In terms of patentability review, an invention related to an algorithm should be included in the scope of patentable subject matter if it meets two conditions: (1) The algorithm has a specific and clear technical application area, such as technical processing of technical data such as speech recognition and image recognition per the laws of nature, improving data storage efficiency, reducing the amount of computation and system resource consumption, etc.; (2) Algorithms are subject to technical conditions, i.e., they are not purely numerical calculations, are related to specific physical quantities, and are capable of producing practical technical effects by combining specific physical quantities.
Concerning the examination of inventiveness, the Chinese patent examination rules take the "person of ordinary skill in the art" as the reference system for judging inventiveness to avoid the influence of subjective factors of the examiner as far as possible. However, the algorithm itself belongs to the computer field and has a specific application field, making the field to which the "person of ordinary skill in the art" belongs ambiguous. Currently, Chinese examiners focus on the field of technology indicated by the applicant in the patent application specification (Zhang, 2020), but it is debatable whether this practice is reasonable. At the same time, the inventiveness judgment should also consider the "impact of the application field on the technical solution and technical effect" as a factor. In other words, whether it is obvious to apply similar algorithms to different application areas, it is necessary to consider the algorithms' characteristics and the specificity of the application areas themselves to make the inventiveness judgment more objective and more in line with the innovation characteristics of different industries.

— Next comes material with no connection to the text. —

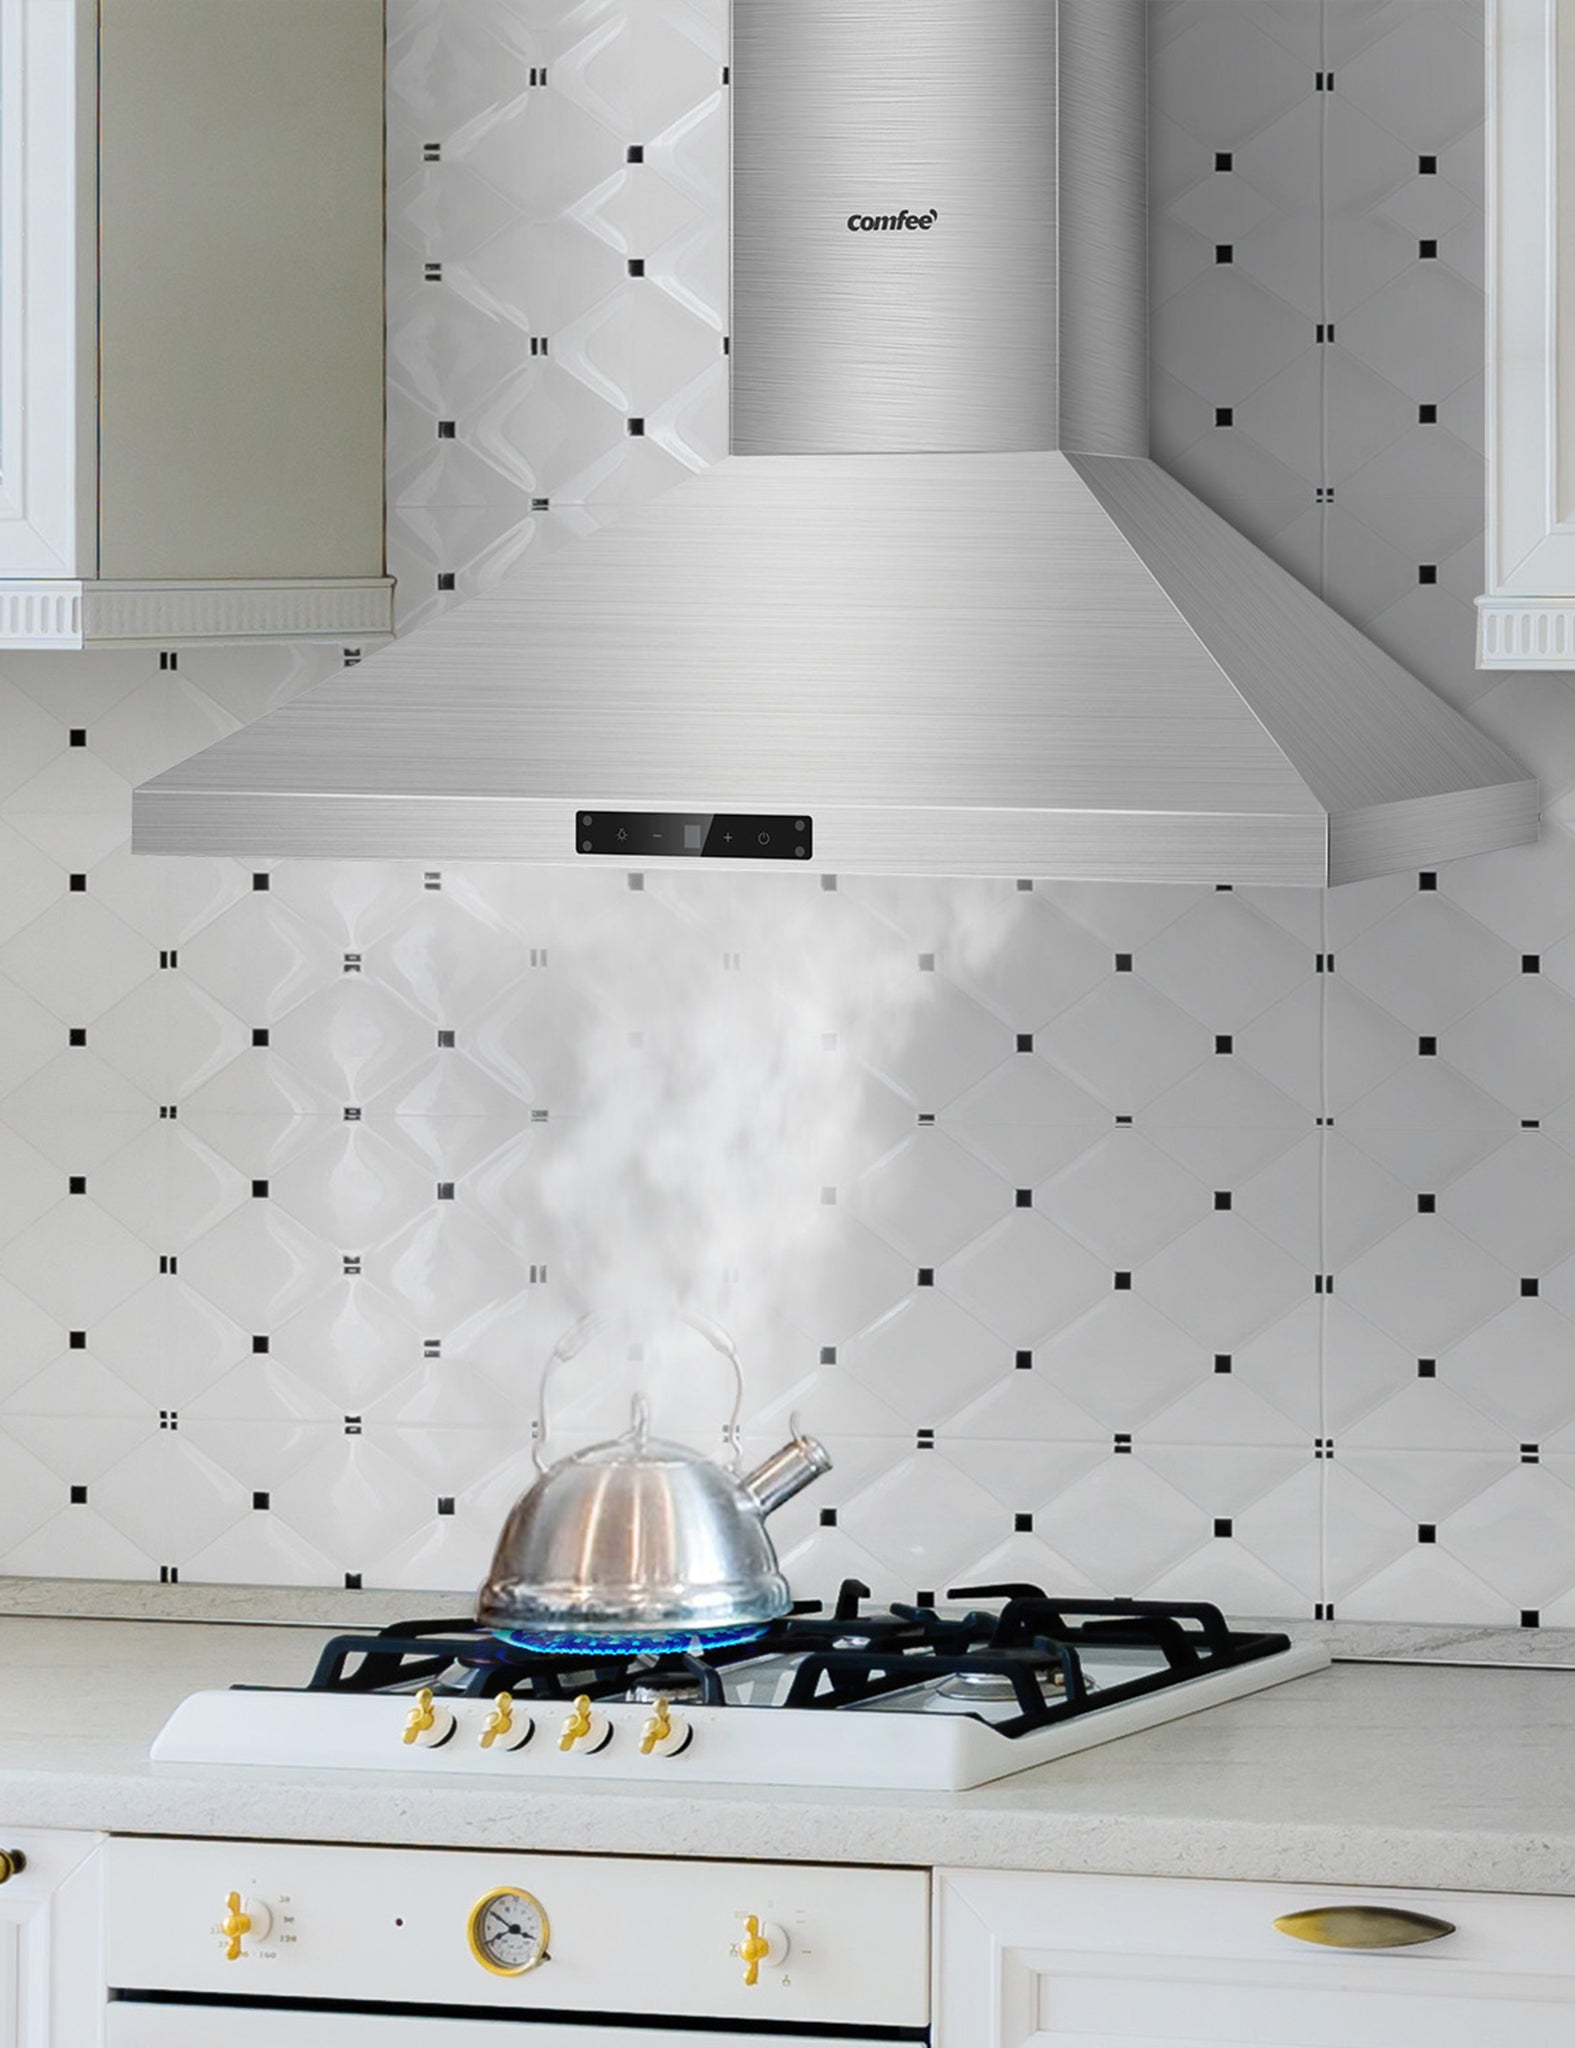 wall mount ducted range hood sucking smoke from a kettle on a oven

At the Level of Government, the Training of Inter-Disciplinary Patent Examiners Involved in Food Safety Supervision Should Be Strengthened
The cross-border nature of big data, cloud computing and AI has caused the cross-domain nature of the technical solutions of patent applications, which has invariably broadened the scope of the "technical field". It makes the inventiveness review work more demanding regarding the amount of relevant knowledge and more complex in the review process. This need is particularly acute in examining food safety technology patent applications. However, under the established system, patent examiners often only have knowledge and competence in a certain technical field, creating a contradiction between examination demand and capacity, resulting in longer examination cycles.
To this end, relevant government departments should strengthen the training of examiners, improve the technical literacy of examiners in relevant fields, increase the breadth and depth of examiners' participation in technical research, and optimise the matching of examiners' examination fields with patent applications.

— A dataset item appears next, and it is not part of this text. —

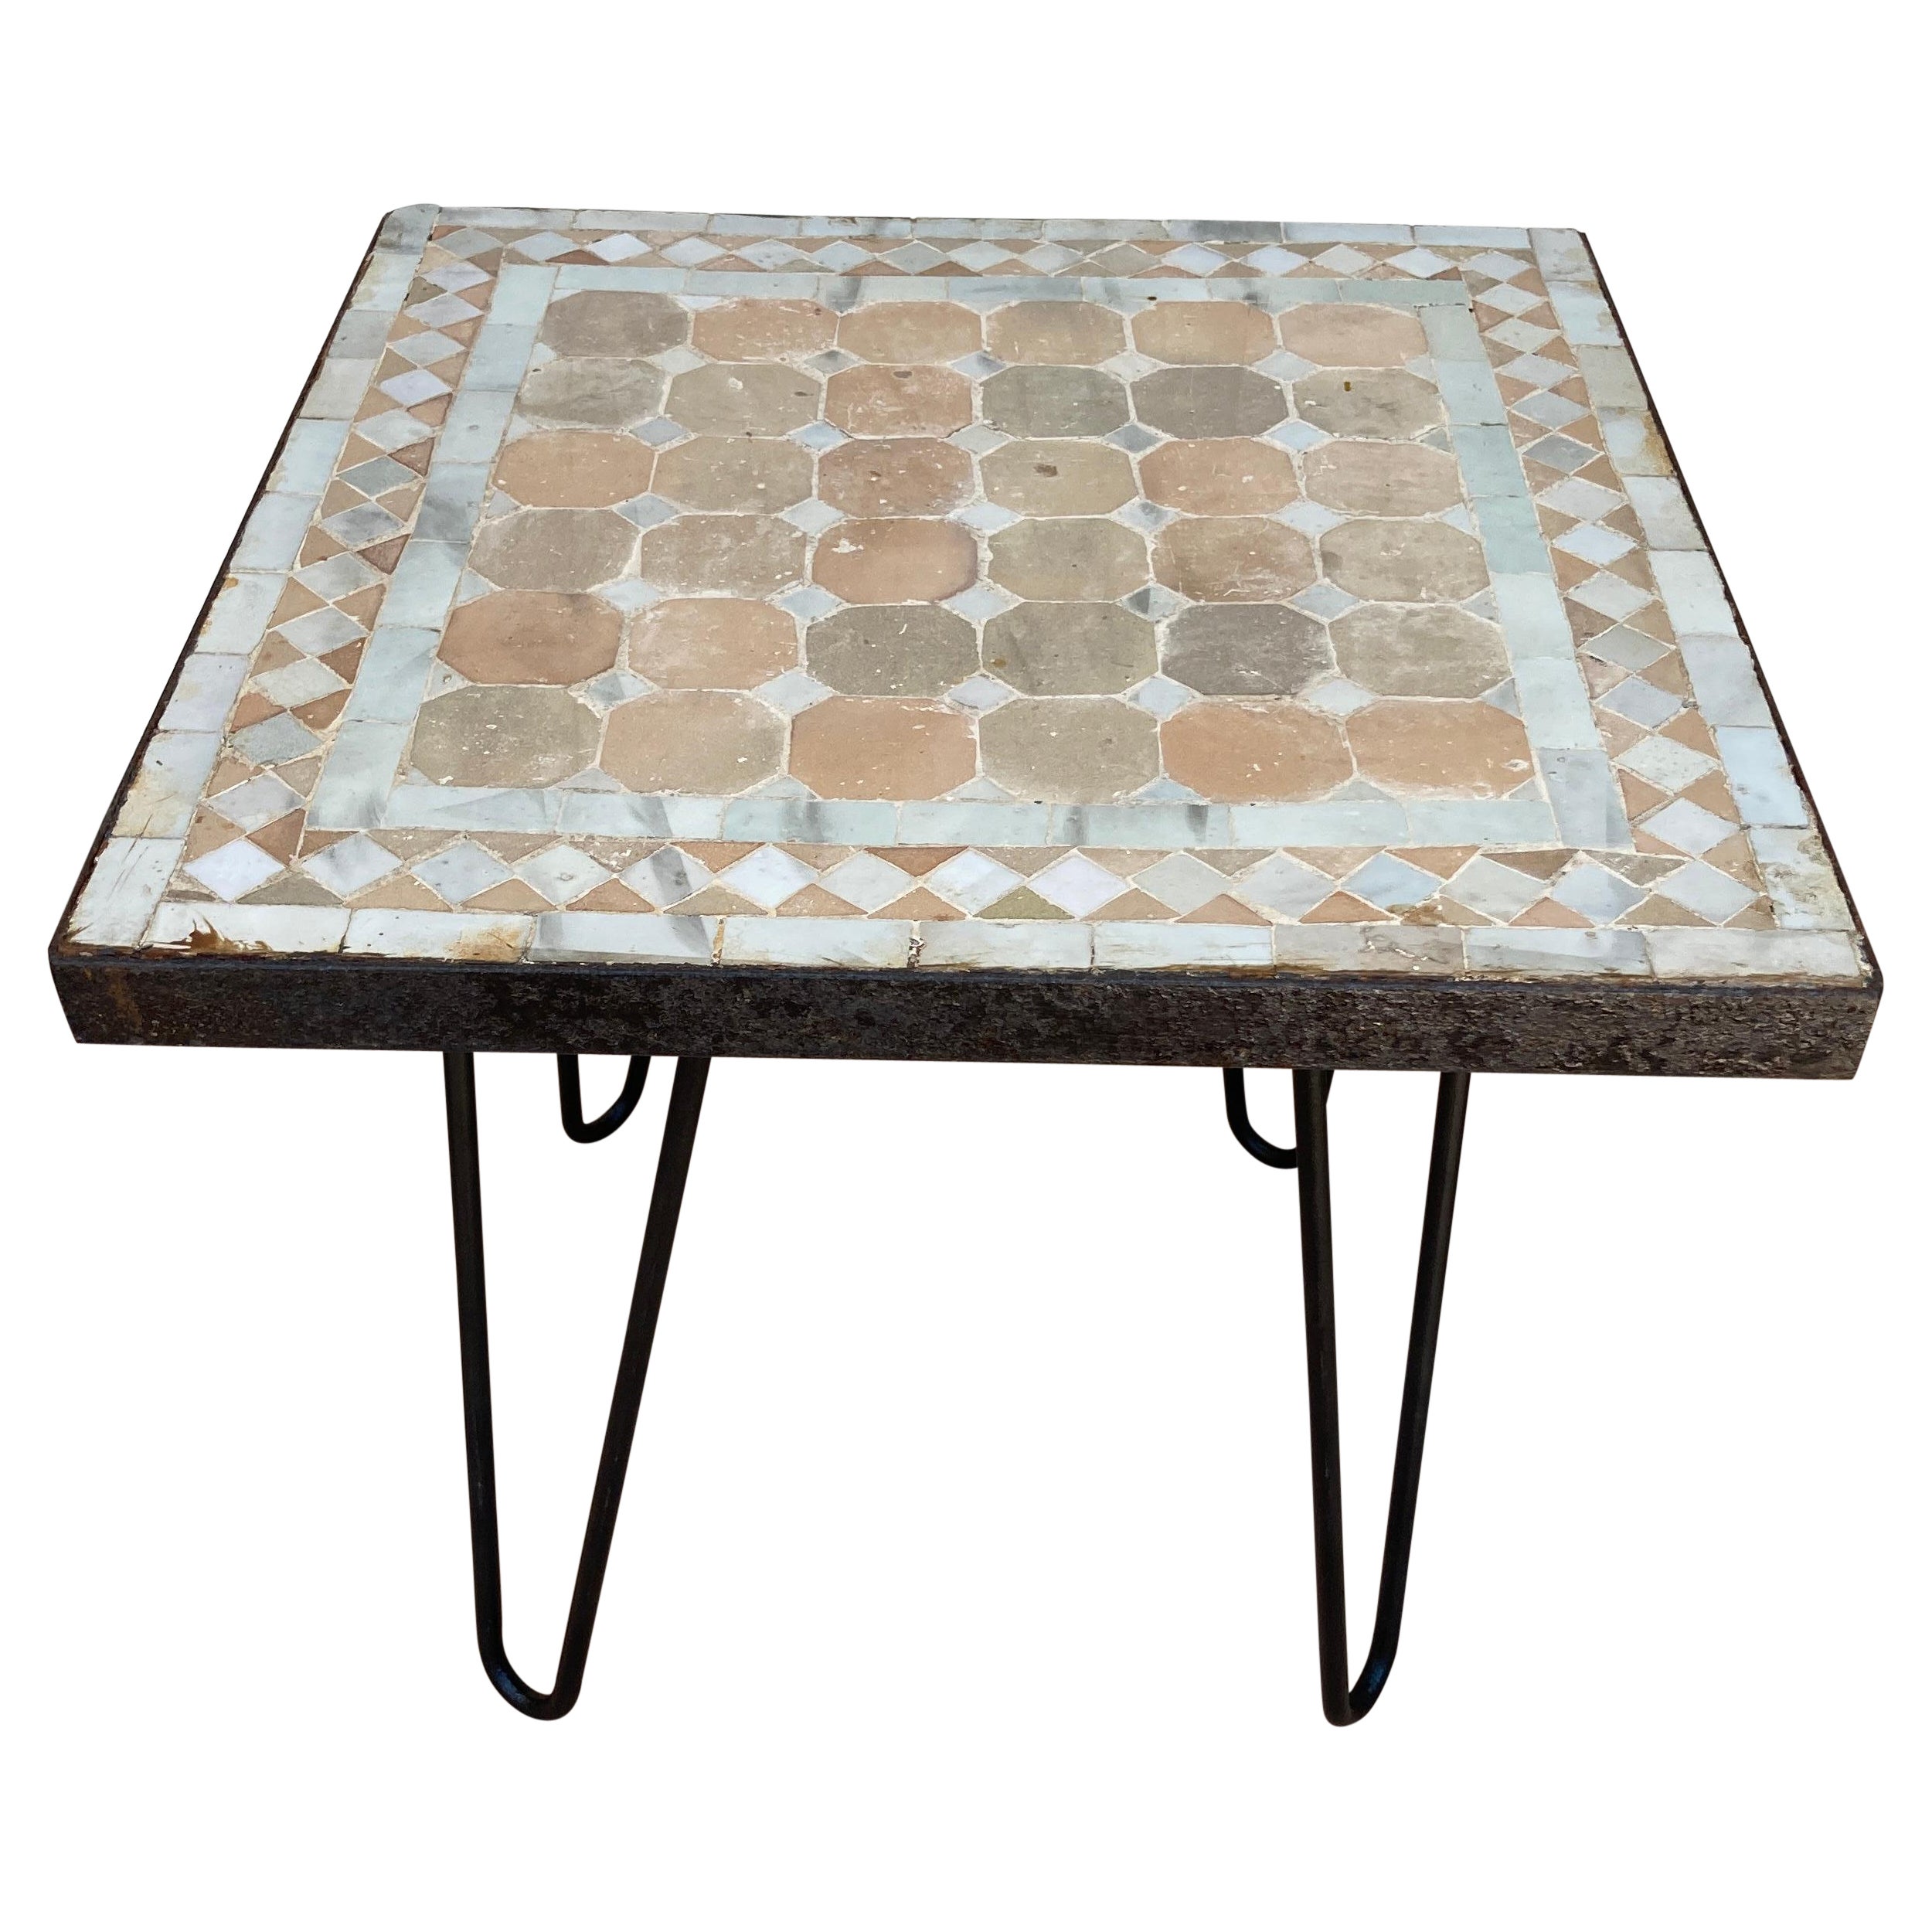 Moroccan Mosaic Tile Square Tile Side Table

In addition, a two-person review approach could also be considered, with one examiner belonging to the field of big data, cloud computing, or AI technologies and another examiner belonging to specific application areas of these technologies, resulting in a more objective and expedited examination.
At the Level of Innovators, Innovation in Food Safety Supervision Algorithms Should Be Enhanced, and the Misuse of Algorithms Should Be Limited
Algorithms are central to applying big data, cloud computing and AI technologies to food safety supervision work. Data from different aspects of food supervision require corresponding methods for analysis and are applied with different boundary conditions. Instead of simply transplanting existing mature algorithms directly into food safety work, algorithms should be designed, optimized and modified according to the specific rules of the food industry to build an analytical model suitable for the actual needs of food safety supervision. Many algorithmic innovations may arise in this process.

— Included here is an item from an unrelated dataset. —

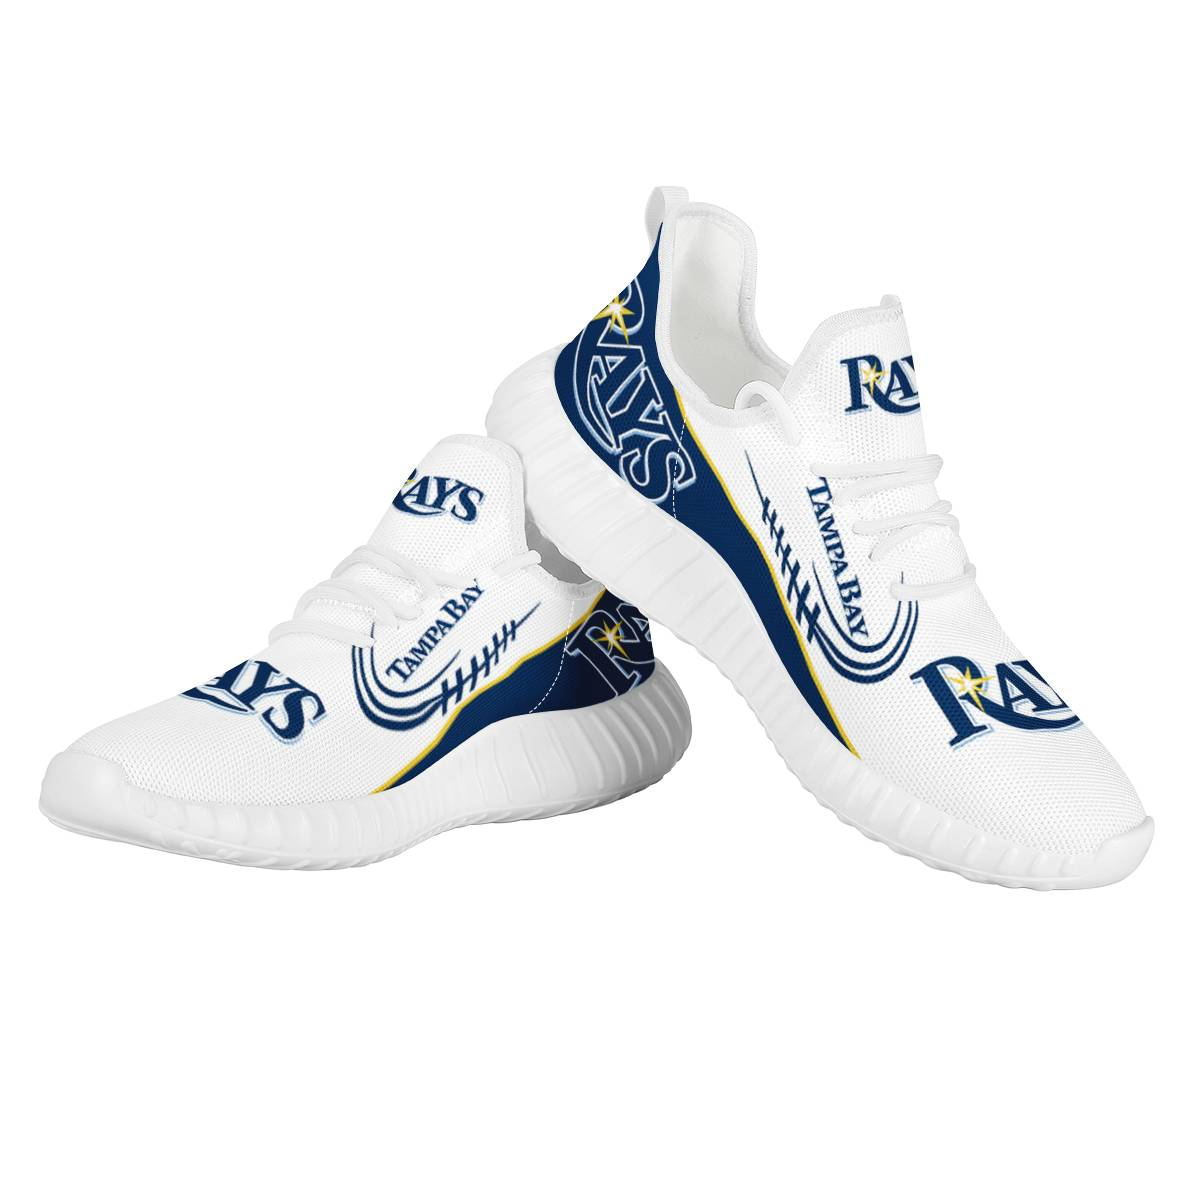 Women's MLB Tampa Bay Rays Mesh Knit Sneakers/Shoes 003

It should be noted that algorithmic innovation cannot be misused. The collection and analysis of data by algorithms are likely to violate the privacy of the public, and even if this data is anonymised, it is difficult to control the leakage of private information. For example, Netflix made publicly available about 100 million anonymously processed movie ratings in 2006, but researchers can still identify specific users by analyzing this anonymous data against publicly available IMDB data (Tencent Research Institute, 2017). The SKYNET project developed by the US National Security Agency has access to information such as signal source, movement trajectory, call recipients and duration of 55 million cell phone users in Pakistan (Robbins, 2016). Food is important in defining an individual's identity, social status and culture. In accordance with the profound words articulated by the French lawyer Anthelme Brillat-Savarin in 1826, it is posited that the disclosure of one's dietary preferences and consumption patterns shall serve as a reliable indicator of their inherent character and disposition. It is imperative to establish an all-encompassing privacy protection policy that expressly forbids the utilisation of algorithms to infringe upon the privacy of individual citizens, all while purportedly safeguarding the domain of food safety.
Conclusion and Outlook
World economic development and the evolution of the international pattern are at a critical period. The technological revolution and industrial changes have provided more opportunities for countries to achieve leapfrog development and brought new situations, problems and challenges to the food safety supervision work of countries around the world. The patent system should protect and stimulate representative and forward-looking innovations in big data, cloud computing and AI in food safety supervision digital technology, which cannot be achieved without the cooperation and joint efforts of the legislature, government departments and innovators. China has already explored whether China should adopt the "long-arm jurisdiction" principle for foreign patent infringement in the Securities Law and the "Ruixing counterfeiting case".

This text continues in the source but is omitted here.